Едва ли нужно искать текстуальных совпадений в том, что близко в своей основе. И пусть Хлебников был утопистом, а Маяковский реалистом самой практической хватки, — безбытность была идеей их личного мироустройства. Оба они объявили войну вещам, порабощающим человека. И приобретателям, порабощенным вещами.


Мне много ль надо?
Коврига хлеба
И капля молока.
Да это небо.
Да эти облака!

писал Хлебников.

Уже после революции Маяковский на дискуссии «Пролетариат и искусство» почти текстуально повторяет Хлебникова: „Налево мы — изобретатели нового; направо они, смотрящие на искусство как на способ всяческих приобретений” (XII, 452).

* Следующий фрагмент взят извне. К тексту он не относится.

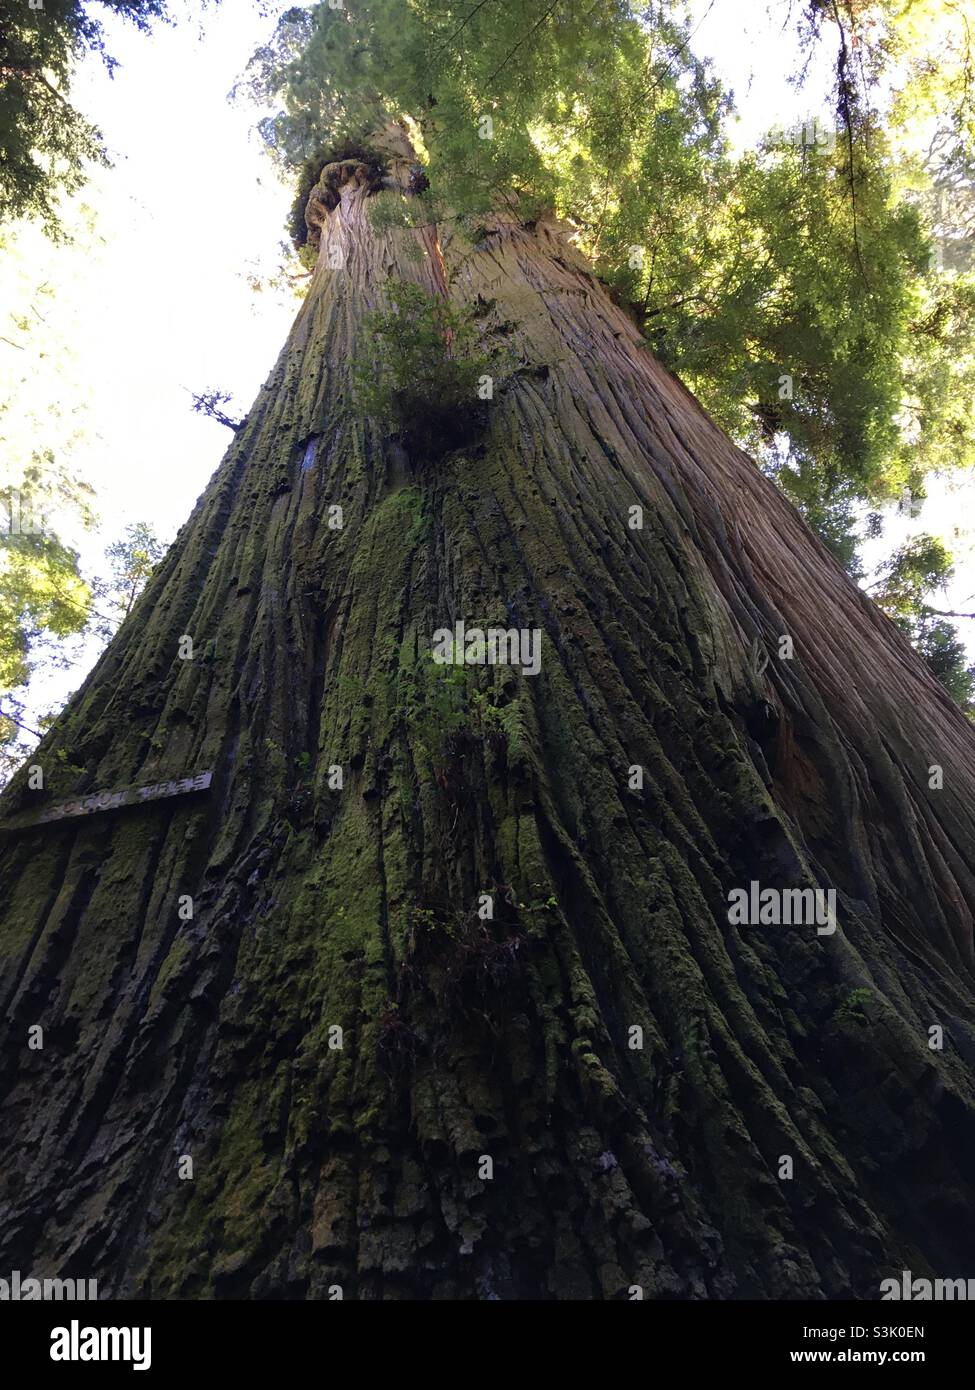 Boy Scout Tree at Jedediah Smith Redwoods State Park Crescent City California Stock Photo

Хлебников, возможно тоже оглядываясь на Маяковского, напишет яростные стихи, изобличающие приобретателей новой породы, нэповских нуворишей, оправленных в драгоценности:


Не затем высока
Воля правды у нас,
В соболях-рысаках
Чтоб катились, глумясь.
Не затем у врага
Кровь лилась по дешевке,
Чтоб несли жемчуга
Руки каждой торговки.

4

Едва ли не все, писавшие о Хлебникове, указывают на мифологизм его художественного мышления. За доказательствами ходить недалеко. Большинство его ранних поэм — это фантазии на темы мифов, главным образом славянских. И в этом смысле его поэзия решительно отличается от поэзии Маяковского. Древние боги Маяковского не увлекали. Одушевление природных сил было ему чуждо. Тут лежала целая область несовпадений.

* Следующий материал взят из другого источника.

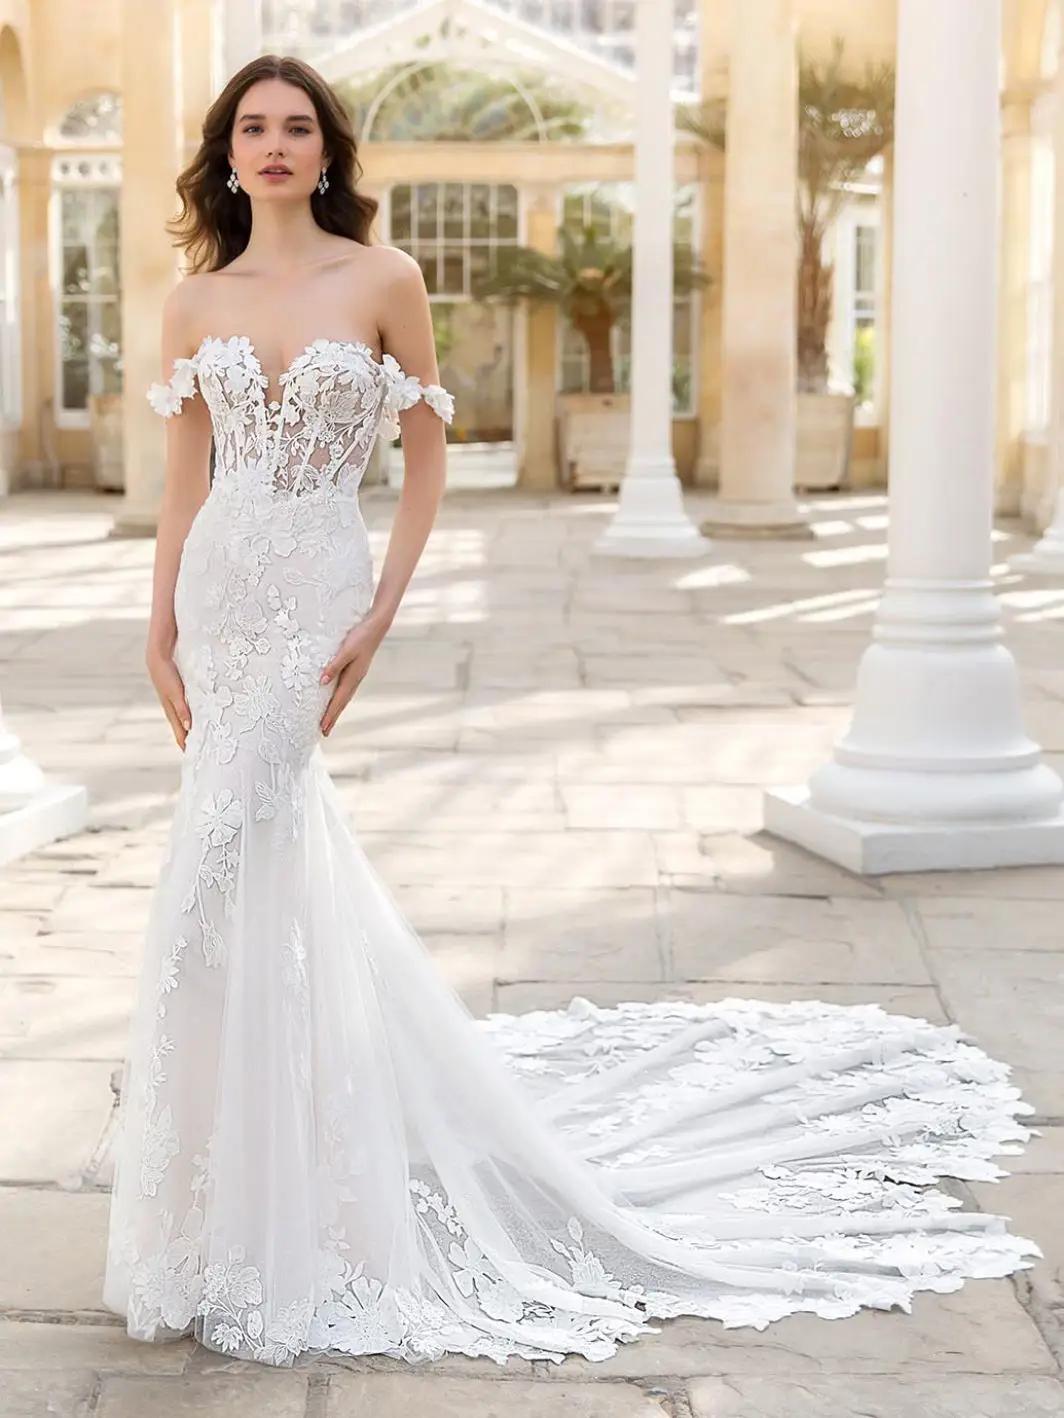 Stunning Gowns for Your Summer Wedding Image

Из воспоминаний Н. Асеева о первой встрече с Маяковским:


     Объяснив, кто я и что я тоже пишу и читаю стихи, что его стихи мне очень по сердцу, я был удивлен его вопросом не о том, как я пишу, а “про что” пишу. Я не нашелся, что ответить. То есть как про что? Про все самое важное. А что я считаю важным? Ну, природу, чувства, мир. Что же это — про птичек и зайчиков? Нет, не про зайчиков. А кого я люблю из поэтов? Я тогда увлекался Хлебниковым. Ну, вот и значит — про птичек. „Бросьте про птичек, пишите, как я!”

От мифологических поэм Хлебникова, от его тончайшего чувства природы — прямой путь к ранней лирике Асеева.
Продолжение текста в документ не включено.